### WORK ORDER
The answer is to be an exact copy of the lines below running from the line with "Minutes of Planning" down to the line with "Two large yellow", both ends included, and nothing more.

### MATERIAL PROVIDED
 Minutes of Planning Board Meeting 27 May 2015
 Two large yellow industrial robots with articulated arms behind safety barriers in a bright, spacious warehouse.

--

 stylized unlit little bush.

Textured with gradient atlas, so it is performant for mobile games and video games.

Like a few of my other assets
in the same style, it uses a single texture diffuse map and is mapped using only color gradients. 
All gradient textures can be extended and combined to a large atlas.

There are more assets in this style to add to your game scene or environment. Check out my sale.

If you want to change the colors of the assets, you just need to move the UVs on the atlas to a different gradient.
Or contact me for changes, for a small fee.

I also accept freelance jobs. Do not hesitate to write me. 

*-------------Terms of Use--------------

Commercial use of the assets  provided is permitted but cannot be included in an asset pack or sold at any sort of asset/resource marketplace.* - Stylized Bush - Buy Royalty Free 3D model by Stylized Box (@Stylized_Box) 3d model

--

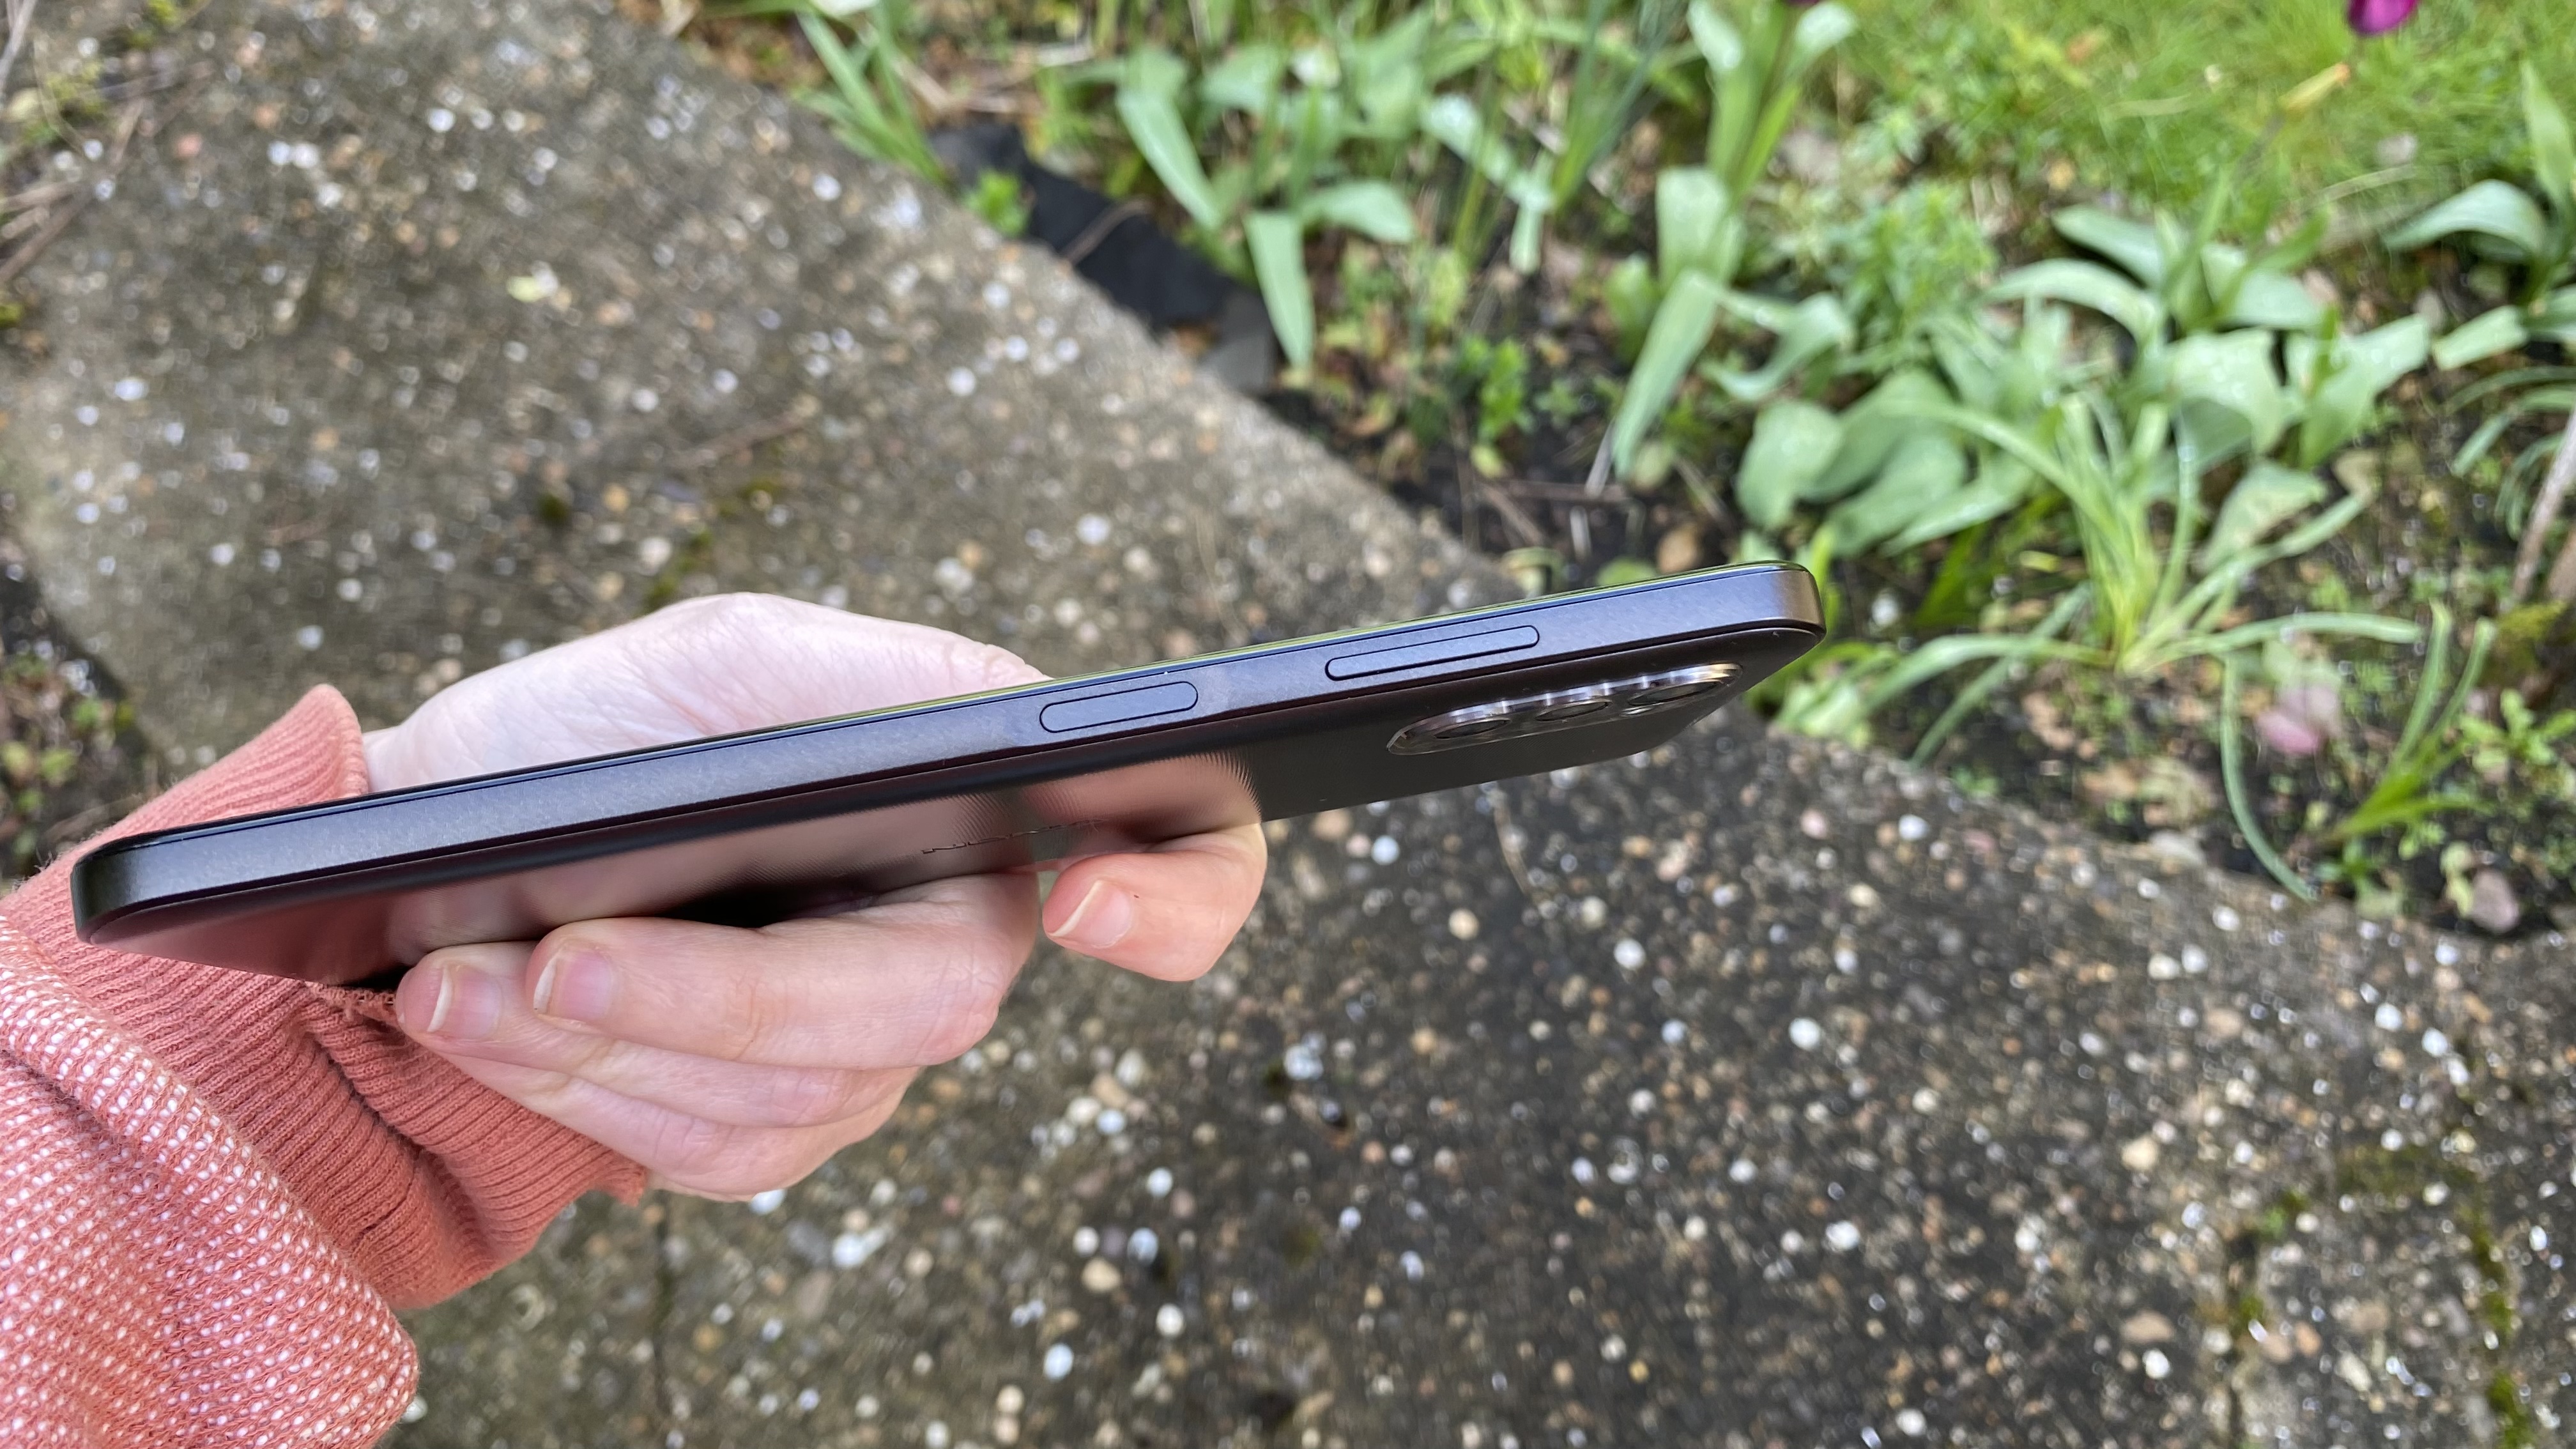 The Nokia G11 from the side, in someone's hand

### TASK RESPONSE
 Minutes of Planning Board Meeting 27 May 2015
 Two large yellow industrial robots with articulated arms behind safety barriers in a bright, spacious warehouse.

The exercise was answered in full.